The Supreme Court is established by Article III, Section 1 of the Constitution of the United States, which says: "The judicial Power of the United States, shall be vested in one supreme Court . . .". The size of the Court is not specified; the Constitution leaves it to Congress to set the number of justices. Under the Judiciary Act of 1789 Congress originally fixed the number of justices at six (one chief justice and five associate justices).

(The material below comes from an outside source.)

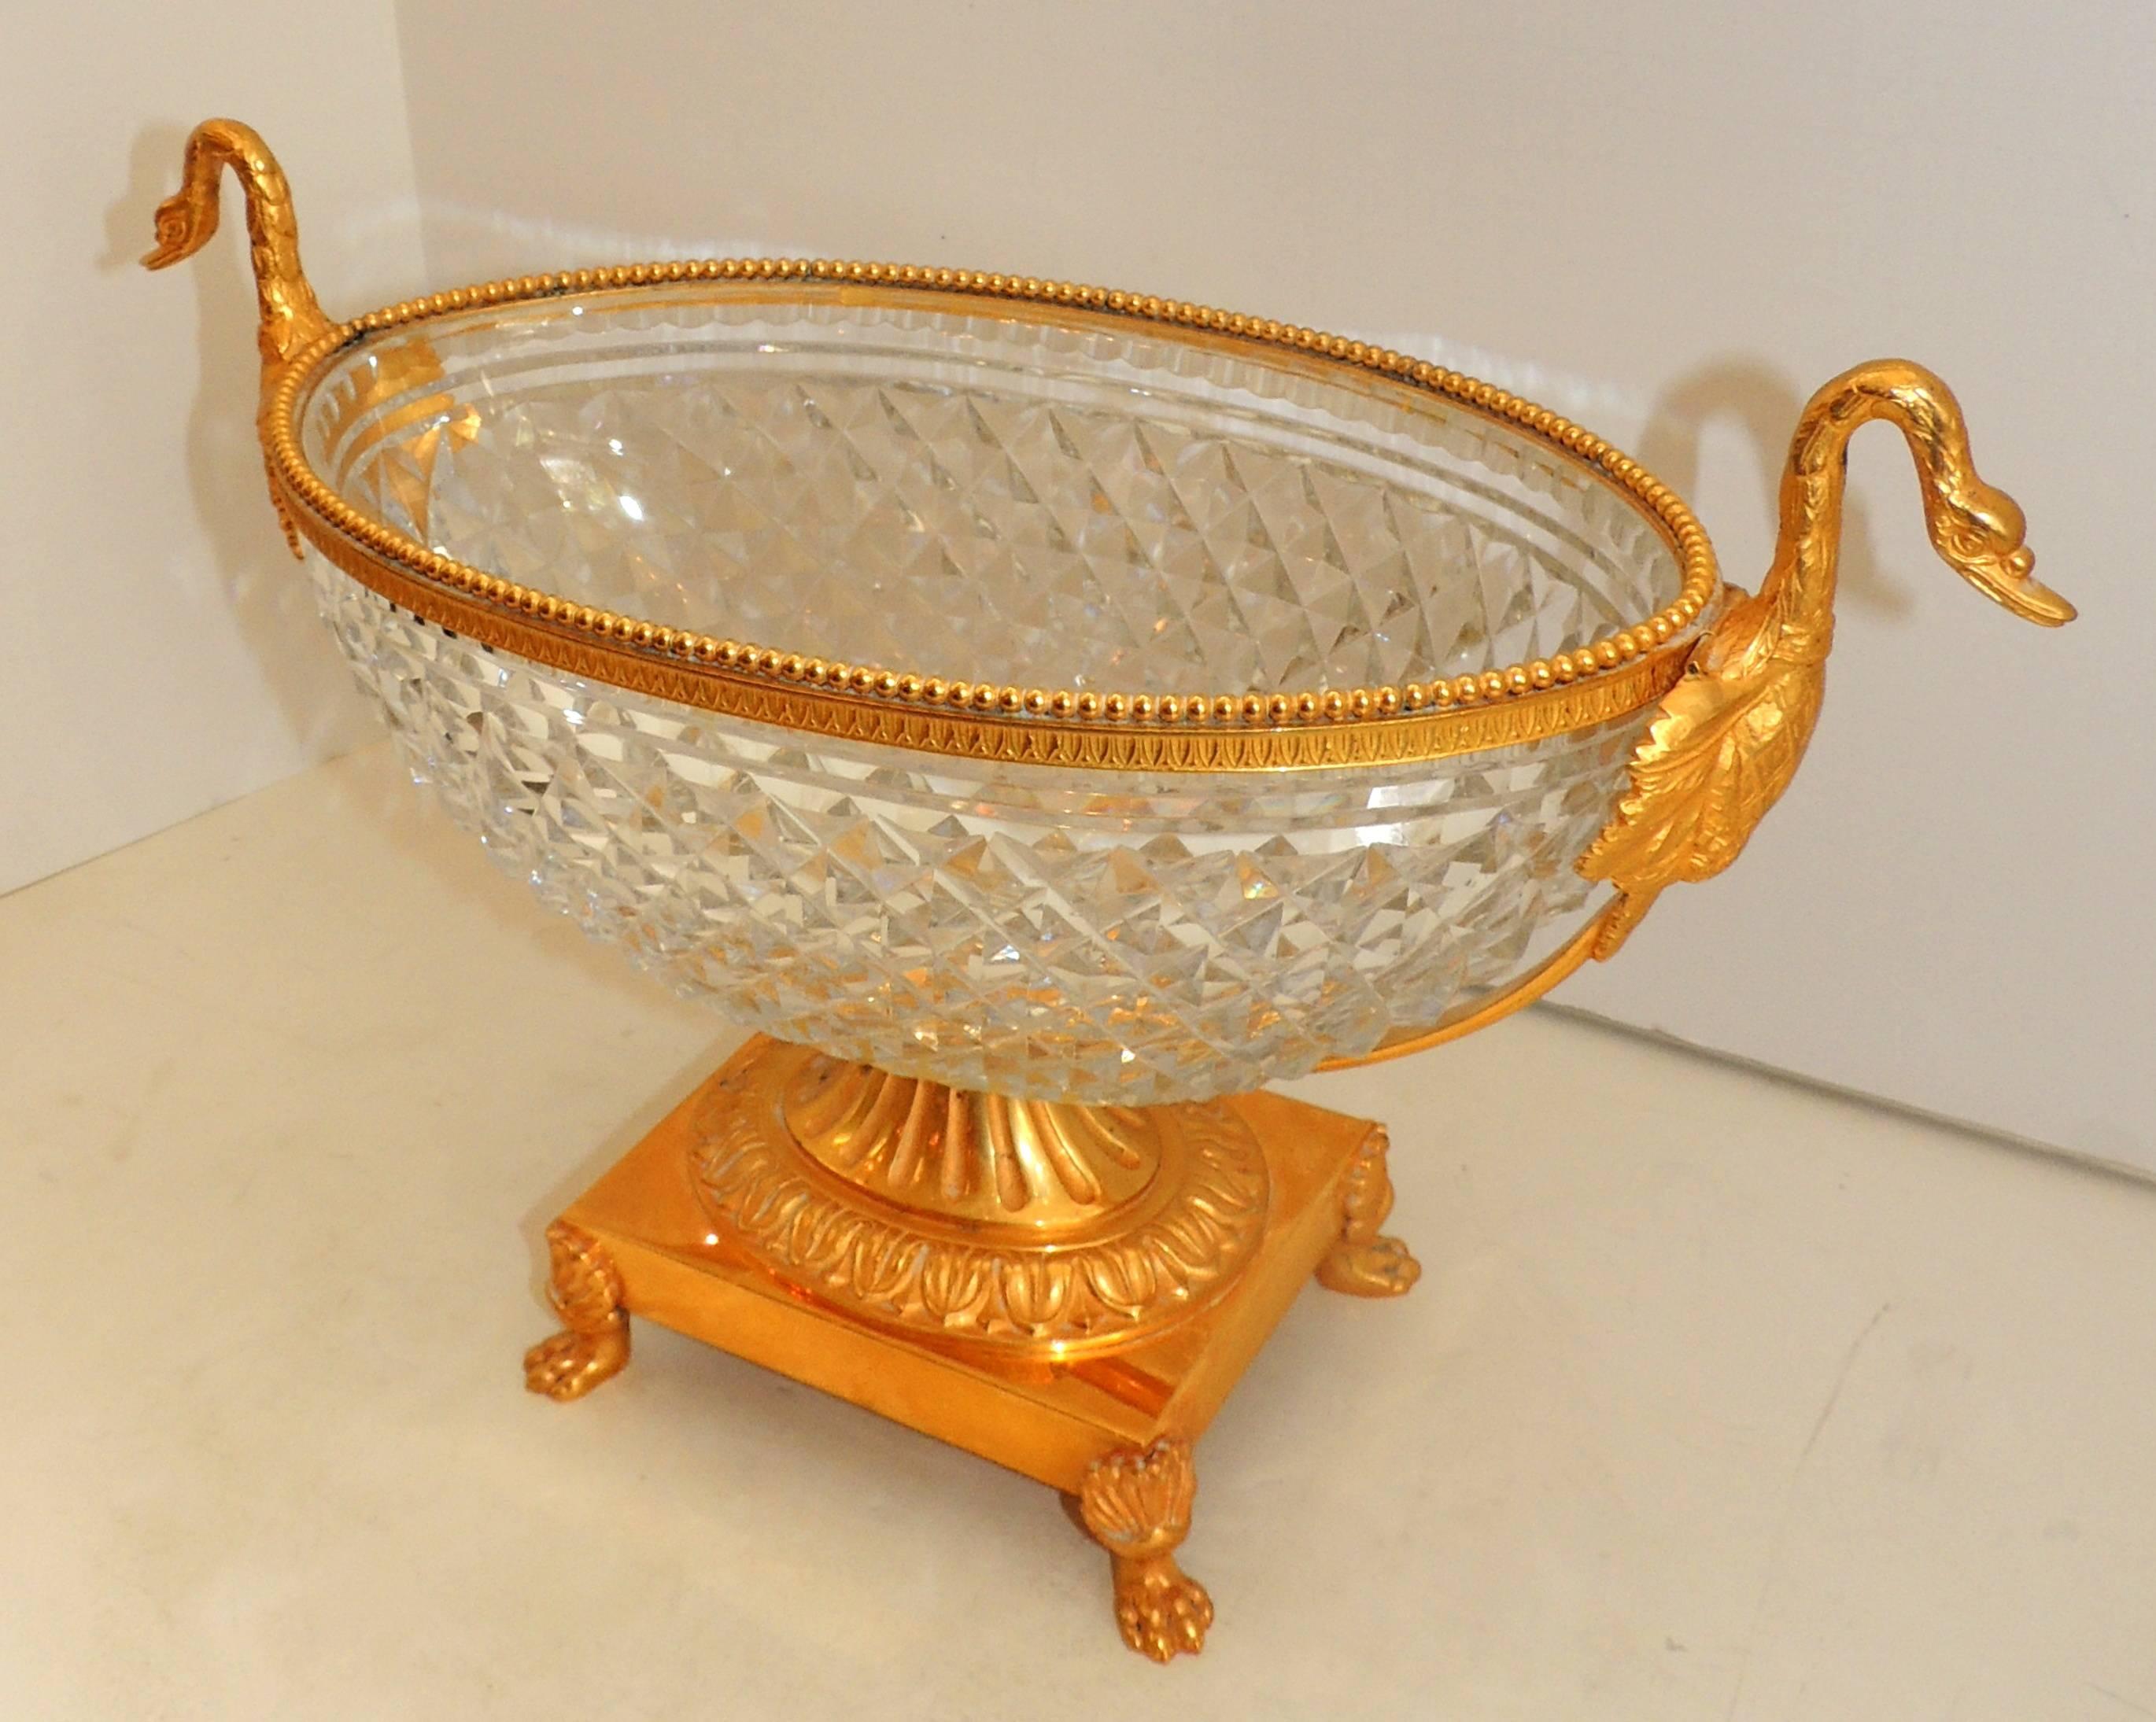 A wonderful French neoclassical motif gilt doré bronze centrepiece with swan handles set in a cut crystal bowl.
This is a very stately and impressive elegant centerpiece, with very fine detail.

Since 1789 Congress has varied the size of the Court from six to seven, nine, ten, and back to nine justices (always including one chief justice).

When the cases in volume 119 U.S. were decided the Court comprised the following nine members:

| Portrait | Justice | Office | Home State | Succeeded | Date confirmed by the Senate (Vote) | Tenure on Supreme Court |
|---|---|---|---|---|---|---|
|  | Morrison Waite | Chief Justice | Ohio | Salmon P. Chase | January 21, 1874 (63–0) | March 4, 1874 – March 23, 1888 (Died) |
|  | Samuel Freeman Miller | Associate Justice | Iowa | Peter Vivian Daniel | July 16, 1862 (Acclamation) | July 21, 1862 – October 13, 1890 (Died) |
|  | Stephen Johnson Field | Associate Justice | California | newly created seat | March 10, 1863 (Acclamation) | May 10, 1863 – December 1, 1897 (Retired) |
|  | Joseph P. Bradley | Associate Justice | New Jersey | newly created seat | March 21, 1870 (46–9) | March 23, 1870 – January 22, 1892 (Died) |
|  | John Marshall Harlan | Associate Justice | Kentucky | David Davis | November 29, 1877 (Acclamation) | December 10, 1877 – October 14, 1911 (Died) |
|  | William Burnham Woods | Associate Justice | Georgia | William Strong | December 21, 1880 (39–8) | January 5, 1881 – May 14, 1887 (Died) |
|  | Stanley Matthews | Associate Justice | Ohio | Noah Haynes Swayne | May 12, 1881 (24–23) | May 17, 1881 – March 22, 1889 (Died) |
|  | Horace Gray | Associate Justice | Massachusetts | Nathan Clifford | December 20, 1881 (51–5) | January 9, 1882 – September 15, 1902 (Died) |
|  | Samuel Blatchford | Associate Justice | New York | Ward Hunt | March 22, 1882 (Acclamation) | April 3, 1882 – July 7, 1893 (Died) |

== Citation style ==

Under the Judiciary Act of 1789 the federal court structure at the time comprised District Courts, which had general trial jurisdiction; Circuit Courts, which had mixed trial and appellate (from the US District Courts) jurisdiction; and the United States Supreme Court, which had appellate jurisdiction over the federal District and Circuit courts—and for certain issues over state courts. The Supreme Court also had limited original jurisdiction (i.e., in which cases could be filed directly with the Supreme Court without first having been heard by a lower federal or state court). There were one or more federal District Courts and/or Circuit Courts in each state, territory, or other geographical region.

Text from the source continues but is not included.